How to identify and handle infrastructure/telemetry errors that should be logged but not fail jobs.

The Problem

Sometimes errors appear in the event stream that look like job failures, but they're actually infrastructure errors that don't impact the AI workflow itself.

Example:

Transient error StatusCode.UNAVAILABLE encountered while exporting logs to ingress.us-west-2.aws.dash0.com:4317, retrying in 0.90s.

This triggered a job retry even though the actual AI generation succeeded.
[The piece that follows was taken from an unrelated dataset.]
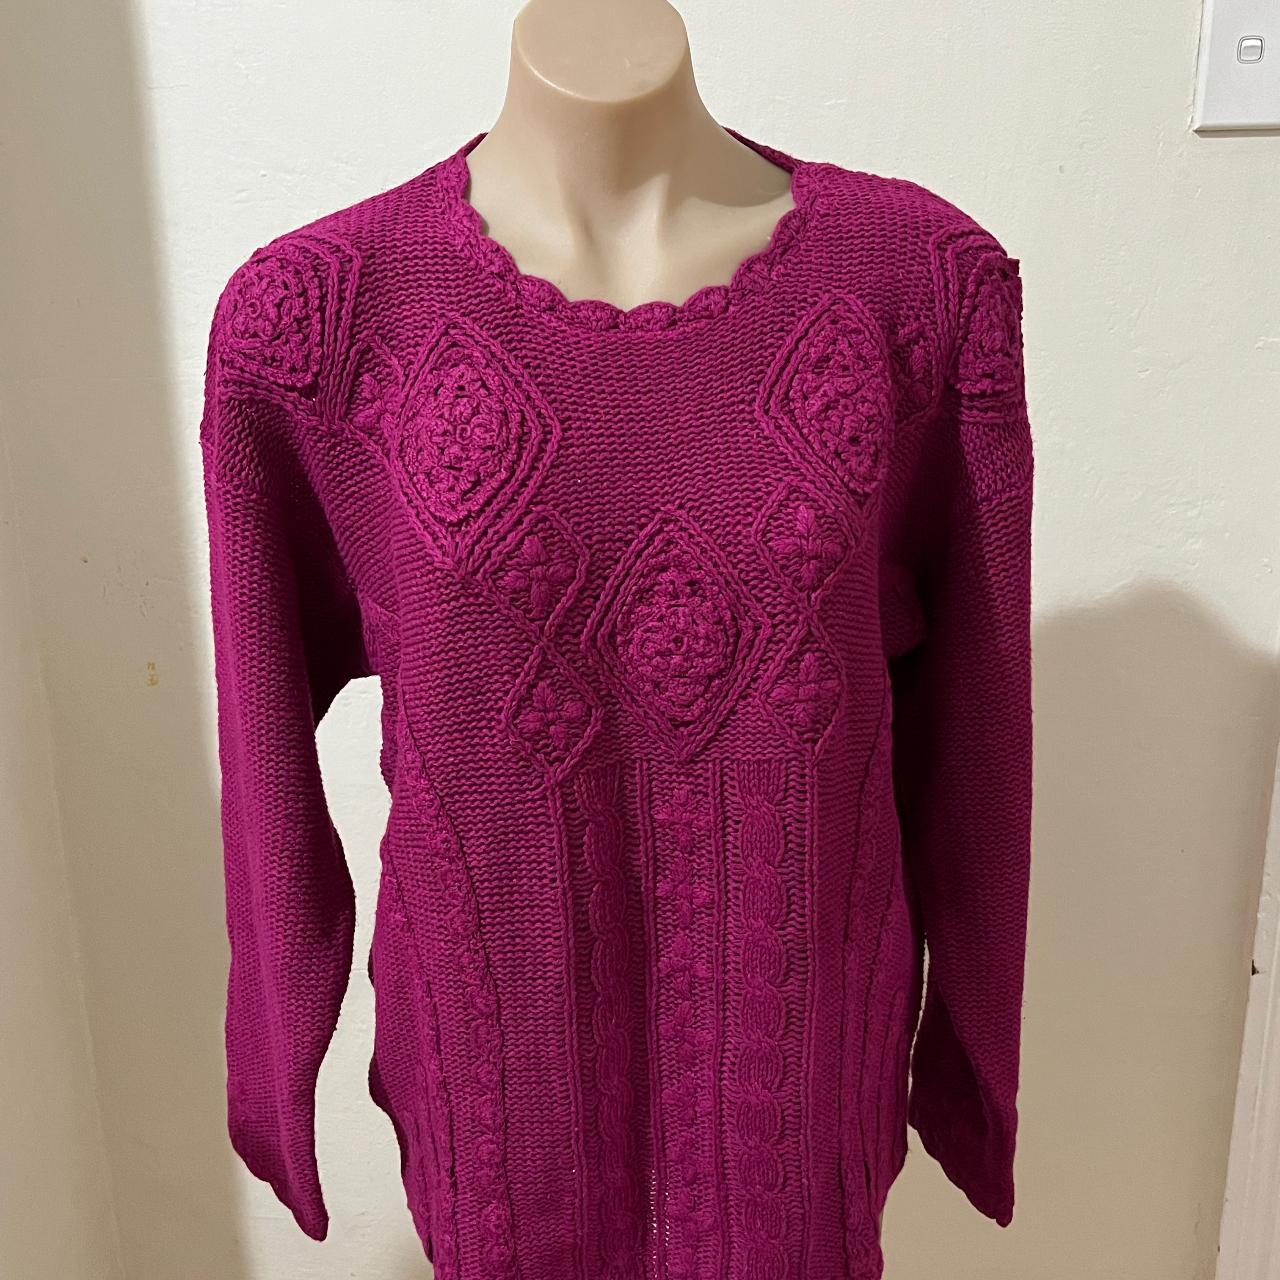 Vintage 80s cable stitch cotton knit sweater /... - Depop

The telemetry export failure is non-critical - it doesn't affect the job outcome.

Critical vs Non-Critical

The system now distinguishes between:

  • Critical Errors → Fail the job (GPU OOM, missing models, workflow errors)
  • Non-Critical Errors → Log but don't fail (telemetry exports, metrics, infrastructure)

Error Filtering Pipeline

Filter 1: Log Level

Only critical and error level logs can fail jobs:

typescript
// Filter 1: Only fail on critical/error level logs
const isCriticalLevel = logLevel === 'critical' || logLevel === 'error';
if (!isCriticalLevel) {
  logger.debug(`Skipping non-critical log (${logLevel})`);
  return { type: 'timeout' }; // Not a critical error
}

Filter 2: Infrastructure Error

Even if logged as "error", infrastructure failures don't fail jobs:

typescript
// Filter 2: Skip infrastructure/telemetry errors
const isInfrastructureError = this.isInfrastructureError(logMessage);
if (isInfrastructureError) {
  logger.warn(`⚙️ Infrastructure error detected (not failing job)`);
  return { type: 'timeout' }; // Log but don't fail
}

THE ONE PLACE for Infrastructure Patterns

When you find a new false positive (error that shouldn't fail jobs), add it here:

📁 apps/worker/src/connectors/comfyui-rest-stream-connector.ts
   → isInfrastructureError() method

Step-by-Step: Adding a Pattern

Example: New False Positive

You see this in production:

ERROR: Failed to connect to Prometheus endpoint, retrying...

This caused a job to fail, but it's just a metrics collection issue.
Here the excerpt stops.